Optimize Fonts when concatenating pdfs

Dear ladies and gentlemen,



In our application we have to combine several (eg 100) PDF files.

To optimize the resulting file we use this code:



pdfFileEditor.Concatenate(pdfStreams.ToArray(), packPdf);



packPdf.Seek(0, SeekOrigin.Begin);

var pdfDocument = new Document(packPdf);

foreach (Page page in pdfDocument.Pages)

{

var idx = 1;

foreach (XImage image in page.Resources.Images)

{

using (var imageStream = new MemoryStream())

{

image.Save(imageStream, ImageFormat.Jpeg);

imageStream.Seek(0, SeekOrigin.Begin);

page.Resources.Images.Replace(idx, imageStream);

}

idx = idx + 1;

}

}



// optimize the file size

pdfDocument.Optimize();

pdfDocument.OptimizeSize = true;

pdfDocument.OptimizeResources(new Document.OptimizationOptions

{

RemoveUnusedStreams = true,

RemoveUnusedObjects = true,

LinkDuplcateStreams = true

});

// save updated File

pdfDocument.Save(newPdfFileName);





After this optimization the size of the created pdf file is still too large. The cause of this is due to the fonts used in the source files.
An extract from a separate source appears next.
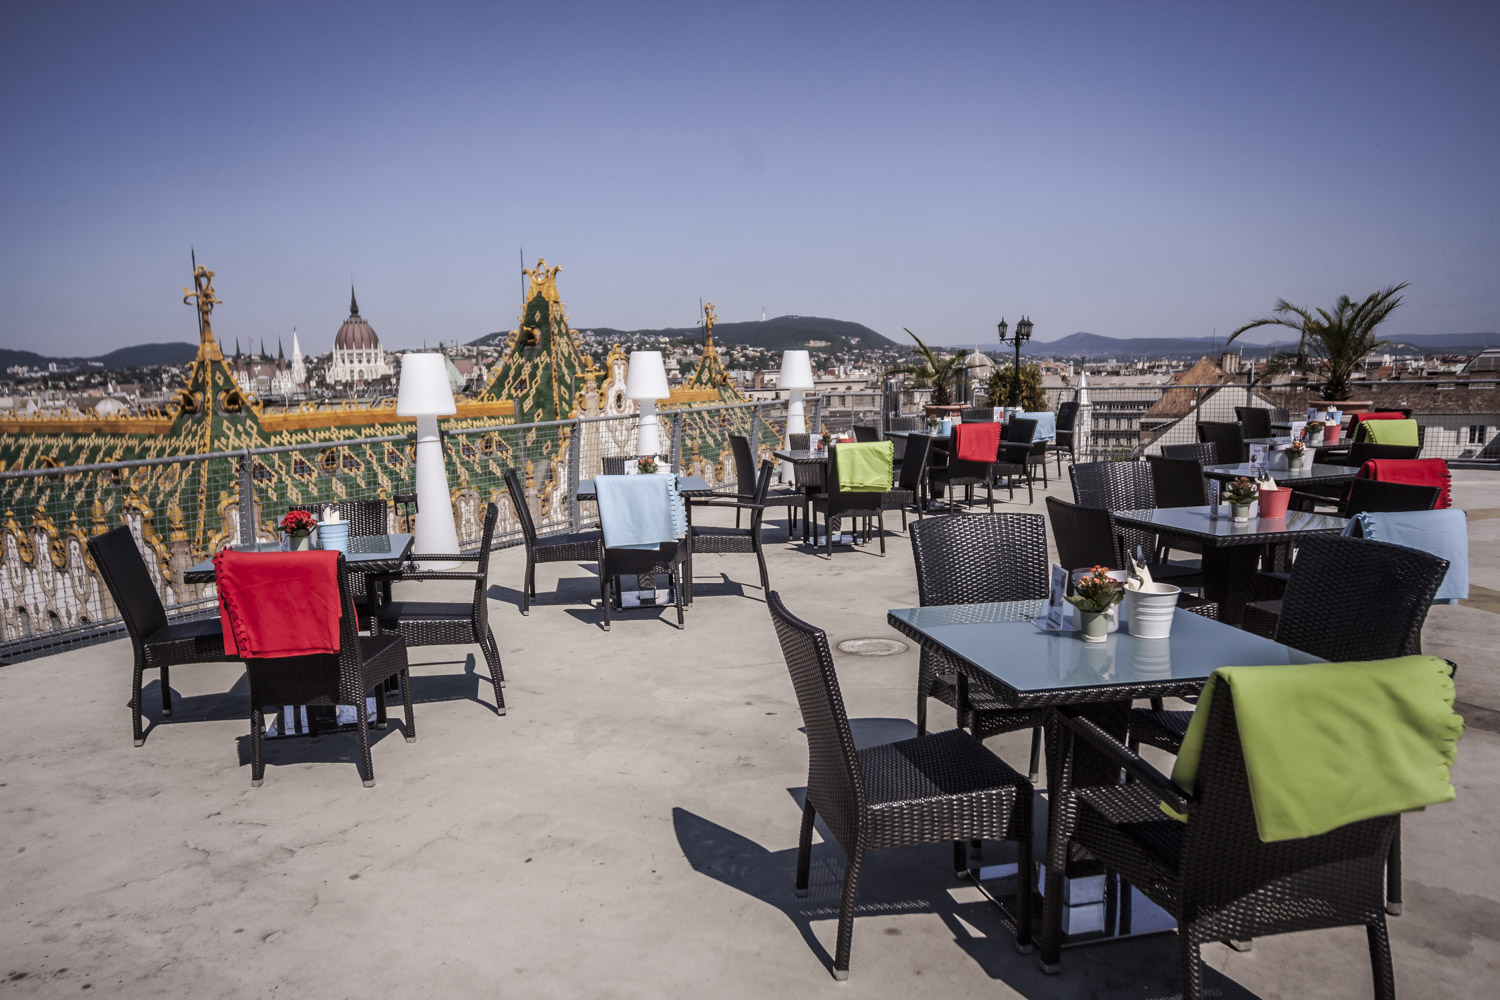 Egy hamburger a tetőn? – Budapest legújabb rooftop terasza a Hotel Presidenté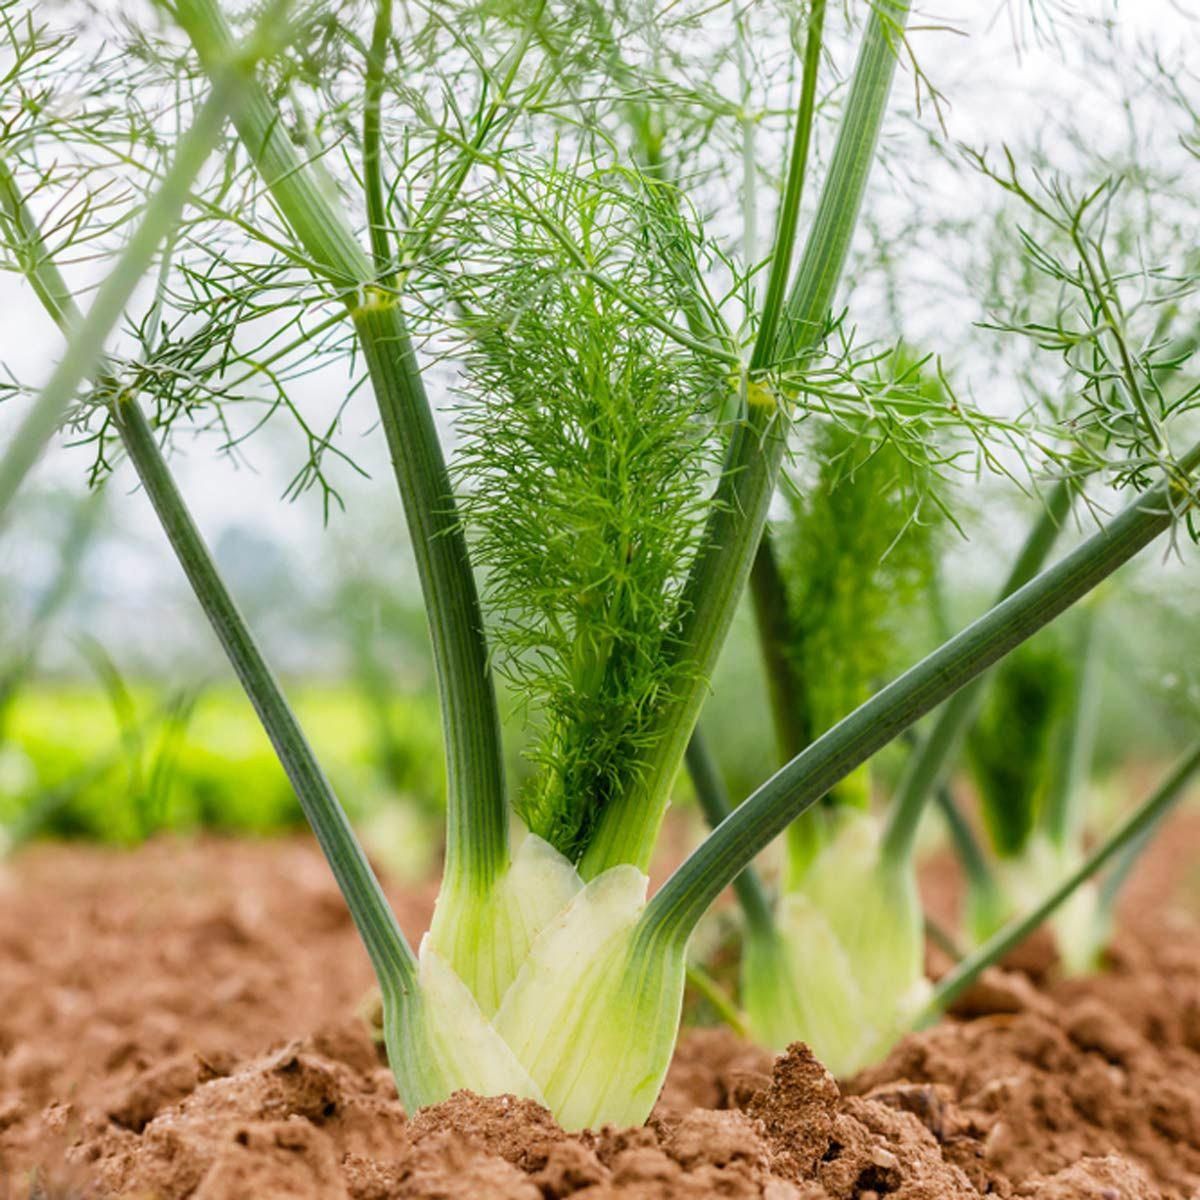 Fennel Bulbs - certified organic fennel

The font definitions (/font-Dictionary and dependent objects) were taken for each original document into the target file.

If the /FileFonts2 streams are identical, only one stream was saved. If the streams are not identical, no union set of all required characters was formed.

The difference in file size, with an average size of the streams of 18.5 KB, is about 3 MB.



Is there a way to summarize the fonts efficiently?

Is such an implementation planed?



Best regards



Kind Regards,

Oliver

Hi Oliver,


Thanks for contacting support and sorry for the delayed response.

I have tested the scenario using Aspose.Pdf for .NET 10.2.0 in Visual Studio 2010 application with target platform as .NET Framework 4.0 running over Windows 7(x64) and as per my observations, when I have tried concatenating 3 copies of earlier shared Bescheid_1_to_59_neu.pdf file with size 3.47MB, the resultant concatenated PDF file is 3.46MB. The size of concatenated file is equal to size of individual source file.

The size of resultant file can be further reduced by un-embedding custom fonts used inside the document.

[C#]

//array of streams<o:p></o:p>

FileStream[] pdfStreams = new FileStream[3];

pdfStreams[0] = new FileStream("c:/pdftest/Bescheid_1_to_59_neu.pdf", FileMode.Open);

pdfStreams[1] = new FileStream("c:/pdftest/Bescheid_1_to_59_neu - Copy.pdf", FileMode.Open);

pdfStreams[2] = new FileStream("c:/pdftest/Bescheid_1_to_59_neu - Copy (2).pdf", FileMode.Open);

MemoryStream packPdf = new MemoryStream();

Aspose.Pdf.Facades.PdfFileEditor pdfFileEditor = new PdfFileEditor();

pdfFileEditor.Concatenate(pdfStreams.ToArray(), packPdf);

packPdf.Seek(0, SeekOrigin.Begin);

var pdfDocument = new Document(packPdf);

foreach (Page page in pdfDocument.Pages)

{

var idx = 1;

foreach (XImage image in page.Resources.Images)

{

using (var imageStream = new MemoryStream())

{

image.Save(imageStream, System.Drawing.Imaging.ImageFormat.Jpeg);

imageStream.Seek(0, SeekOrigin.Begin);

page.Resources.Images.Replace(idx, imageStream);

}

idx = idx + 1;

}

}

// optimize the file size

pdfDocument.Optimize();

pdfDocument.OptimizeSize = true;

pdfDocument.OptimizeResources(new Document.OptimizationOptions

{

RemoveUnusedStreams = true,

RemoveUnusedObjects = true,

LinkDuplcateStreams = true,

AllowReusePageContent=true

});

// save updated File

pdfDocument.Save(“c:/pdftest/OptimizedFile.pdf”);

Hi,

if you concatenate the 3 copies the result is as expected. The font streams of each copy are identical, so the number of font-streams in the target file is equal to the number of font-streams in one of the copied files.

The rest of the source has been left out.